ESXi 6.5 Update 1 PSOD on HPE 460c Gen9 after Ixgben driver update

Today I upgraded a customer to ESXi 6.5 Update 1, but unfortunately some of them ended up purple screening at reboot after they were updated.

Affected Servers so far

  • HPE BL460c Gen9
  • HPE DL360p Gen8 (Reported by anonymous user)
  • HPE DL380 Gen9 (Reported by Bernhard)
  • HPE DL380 Gen8 (Reported by Ralf)
  • HPE DL380p Gen9 (Reported by Victor)

PSOD Error

PSOD: #PF Exception 14 in world 68297:sfcb-intelcim IP 0x41801b704d8f addr 0x443919649c000

In short the customer was running ESXi 5.5, and I reinstalled the servers using HPE 6.5 Update 1 OEM Image found here: https://my.vmware.com/web/vmware/details?downloadGroup=OEM-ESXI65U1-HPE&productId=614

I configured the servers and found that VMware Update Manager had 3 additional updates:

VUM Updates

Oddly it still wanted to install Update 1. I had already updated some Gen8 servers, and they had no issue with me installing all updates, so I went ahead and installed all three updates. But in this case the server never came back online. Instead it kept giving a PSOD on boot:

PSOD
#PF Exception 14 in world 68297:sfcb-intelcim IP 0x41801b704d8f addr 0x443919649c000

After some investigation I found it to be caused by the Ixgben driver updates. It is a driver for Intel network adapters. This also corresponded with the PSOD coming from sfcb-intelcim.

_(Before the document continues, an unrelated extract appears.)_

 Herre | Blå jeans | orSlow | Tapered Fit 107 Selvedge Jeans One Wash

Anyway I contacted HPE Support, and the supported just heard of a similar case, so he wanted some logs and promised to return to me asap.

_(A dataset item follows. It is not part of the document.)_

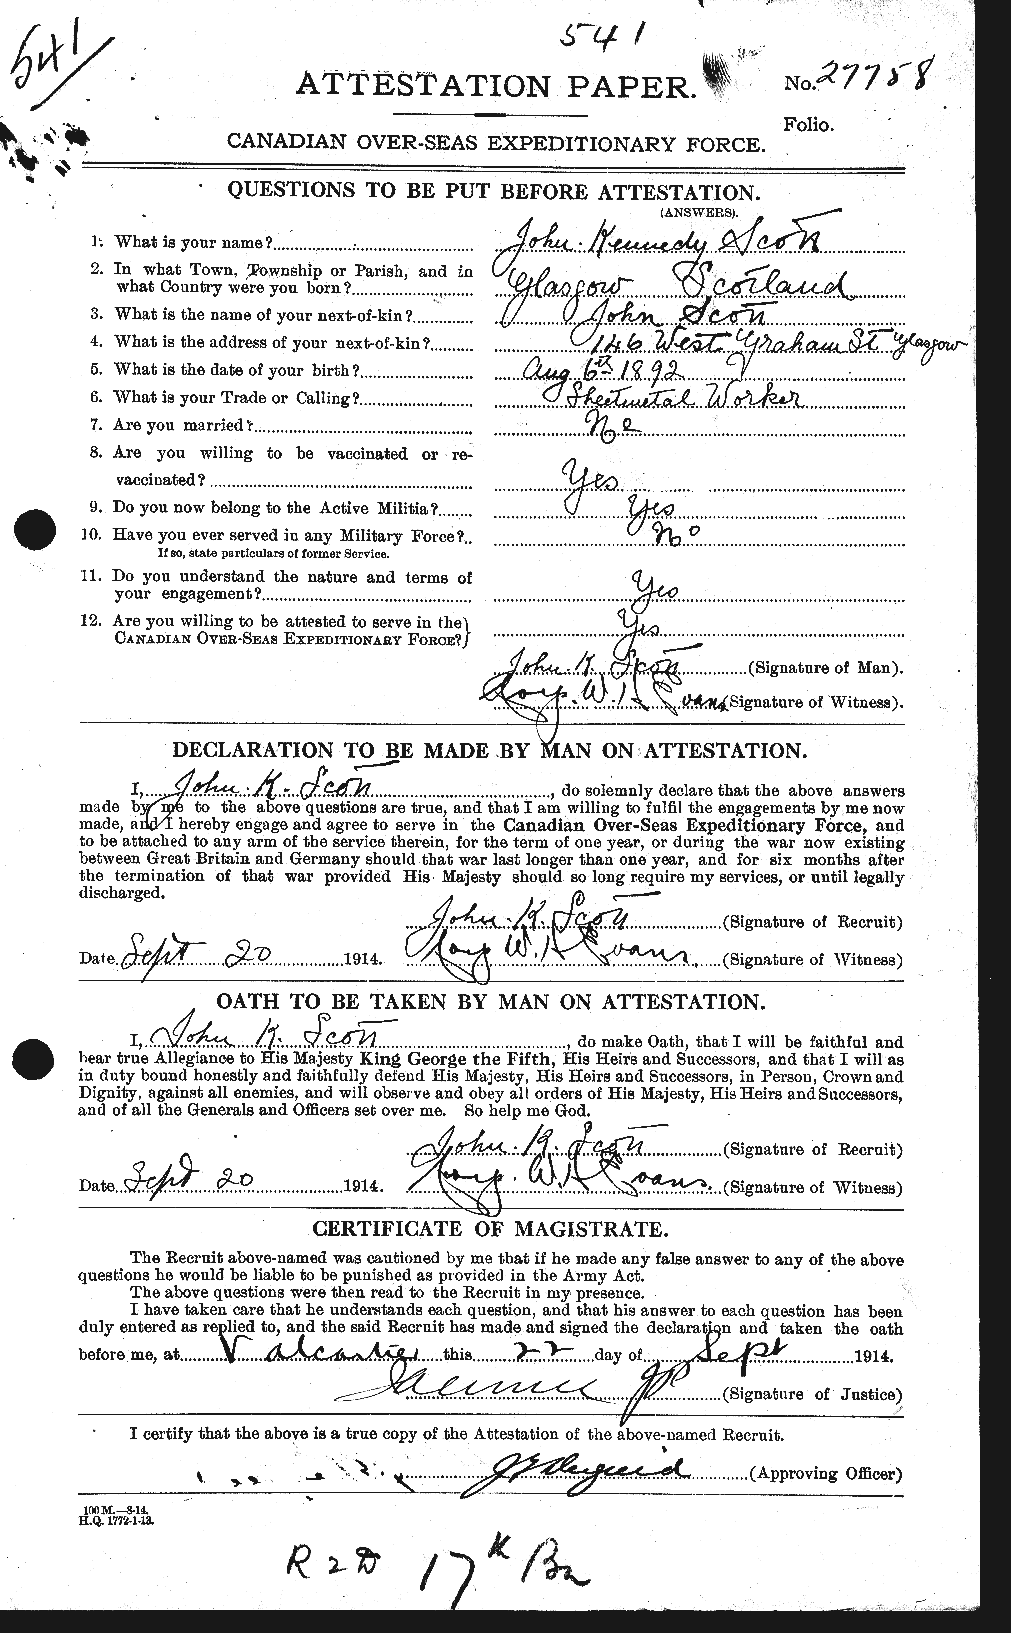 Personnel Records of the First World War - CEF 084448a

HPE Support return a little later and told me that they do not have a record of the noted kernel exception, so I was probably among the first to experience the error, if not the first. Hooray I was the first!

Workaround

HPE Returned and stated that those two updates should just be excluded, since it is a driver delivered by intel, and it does not work with the HPE firmware.

You should also avoid the VMware 6.5 Update 1 in Update Manager. I guess it also contains a ixgben driver from intel.

To quickly return to a working installation without reinstalling. you can press Shift+R during startup to get back to a working configuration. Thank you to my college André Briand de Crévecoeur for bringing this to my attention. https://kb.vmware.com/kb/1033604

23 thoughts on “ESXi 6.5 Update 1 PSOD on HPE 460c Gen9 after Ixgben driver update”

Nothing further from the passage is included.